I had almost finished my breakfast, and suddenly I didn’t feel like eating anymore. It wasn’t that I was full, to be sure. A small corner piece of blueberry boy bait (kind of like coffeecake with blueberries) doesn’t cut it for a meal. I couldn’t even bear the thought of eating seconds, let alone finishing the couple of bites left on my plate.

The answers that these teenagers gave were rote, practiced, rehearsed. To be expected. A pack of lies fed to them by parents, teachers, authorities, and peers as they grew up in a public school, in a public world.

One seventeen-year-old girl said that “It’s something that I think teenagers are too young to know how to control.”

A fourteen-year old said “It seems like our generation has matured more sexually faster than generations previous to us.”

When asked if there were any questions that the girls wanted to ask of the boys, one spoke up right away. “Why do guys think it’s so cool to have sex with so many girls?”

And one boy replied immediately, “I think it’s part of the male dominance mindset. It’s just been that way forever.”

That’s when I left, discarding of the last of my breakfast on my plate as I walked through the kitchen. Ironically, I had just been listening to “A Few Good Men” on my iPod. You know how it goes?

What this dying world could use is a willing man of God,

Who dares to go against the grain and works without applause,

A man who’ll raise that shield of faith, protecting what is pure,

Whose love it tough and gentle, a man whose word is sure.

God doesn’t need an orator who knows just what to say.

He doesn’t need authorities to reason him away.

He doesn’t need an army to guarantee a win.

He just needs a few good men.

Men full of compassion, who laugh and love and cry.
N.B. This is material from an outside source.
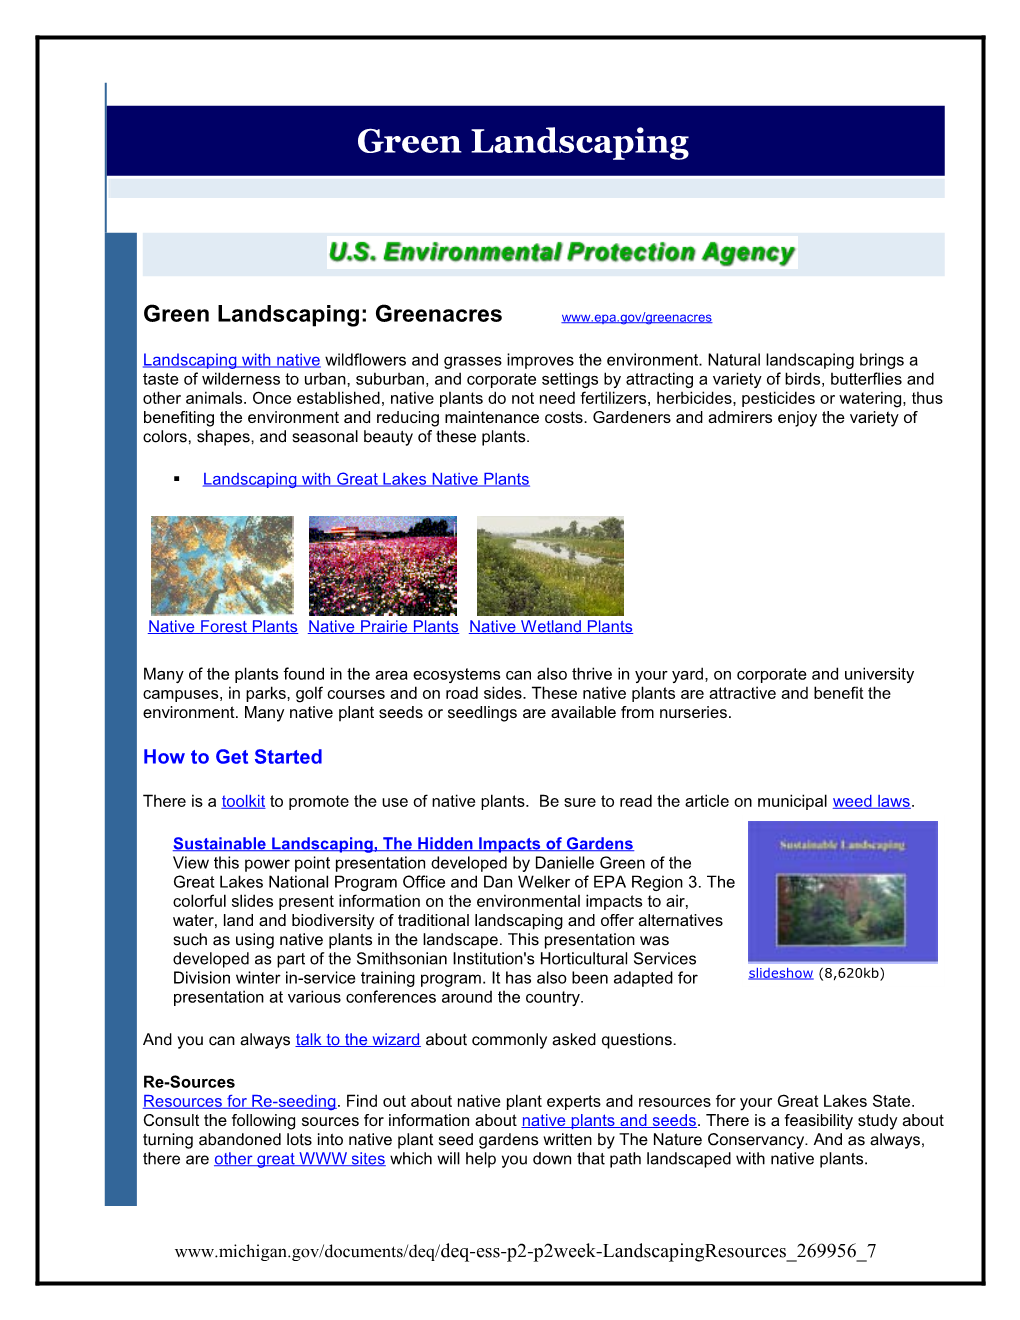 Landscaping Resources
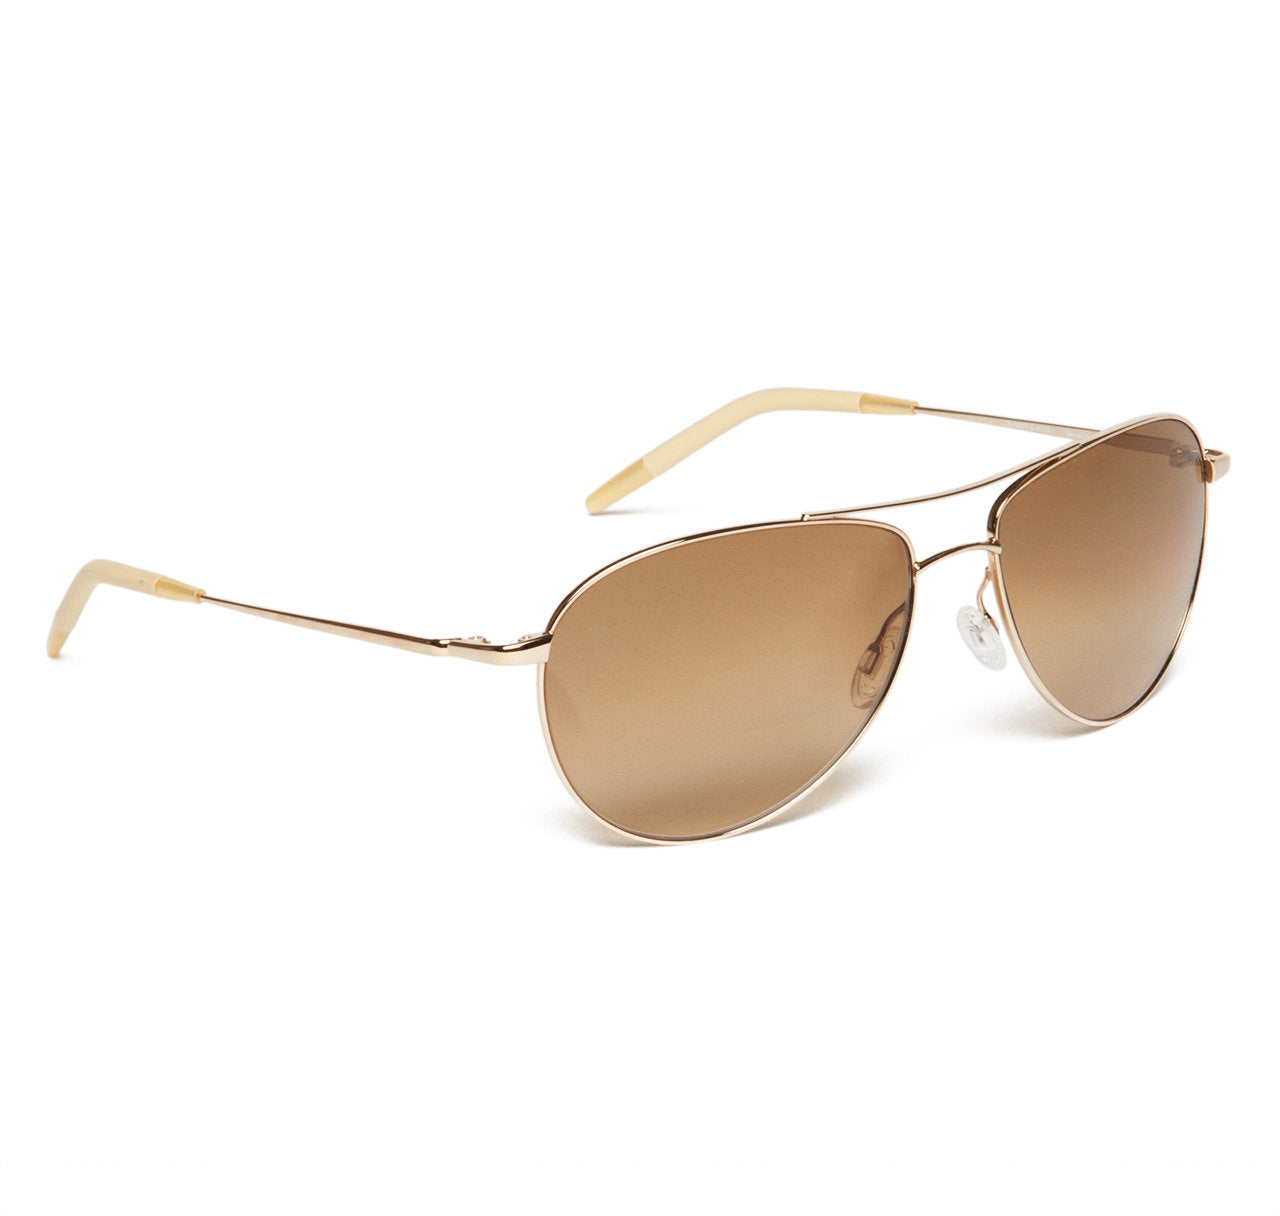 Oliver Peoples Benedict 59 Gold with Amber Chrome Photochromic Glass

Men who’ll face eternity and aren’t afraid to die.

Men who’ll fight for freedom and honor once again.

He just needs a few good men.

He calls the broken derelict whose life has been renewed,

He calls the one who has the strength to stand up for the truth,

Enlistment lines are open, and He wants you to come in,

He just needs a few good men.

Men full of compassion, who laugh and love and cry.

Men who’ll face eternity and aren’t afraid to die.

Men who’ll fight for freedom and honor once again.

He just needs a few good men.

I wish I knew a horde of good men. I only know a few, and know of a very few more.

Something else that absolutely infuriates me is the extreme leftist tilt of the public media’s teeter-totter of “equality.” Every one of those kids who spoke on the segment didn’t speak up for standards of abstinence, or the subject of (God forbid!) waiting for sex until marriage. A few of the teenagers weren’t shown to have spoken in the piece, but I doubt that their views were any different. I was vainly hoping for one, just one of them to speak up and echo what is in my heart and in so many others’. But even as I hoped, I knew it wouldn’t happen, because those children were handpicked from a public school that had instilled them with such untruths as to benefit ABC’s “Teenage Pregnancy” story. Ones who wouldn’t be able to plant a seed of doubt in viewers’ minds as to whether there really is a better way, a more godly way to do things, to give hope to we few who do wait.

What else is sad is that these news networks don’t even think outside the box for themselves. Every once in a great while, they’ll have something to say about abstinence or purity, Christianity or conservatism, something of the sort. I’ve never heard anything in favor of it, just the callous, offhanded remarks that safe sex is enough, abstinence is asking too much, not to mention that teaching abstinence in public schools is (GASP) almost as bad as teaching creationism! The nerve!

Maybe with Sarah Palin on the Republican’s ticket for VP…just maybe, there’ll be some change. We can only pray. God help us, we’ll just have to wait and pray – and vote.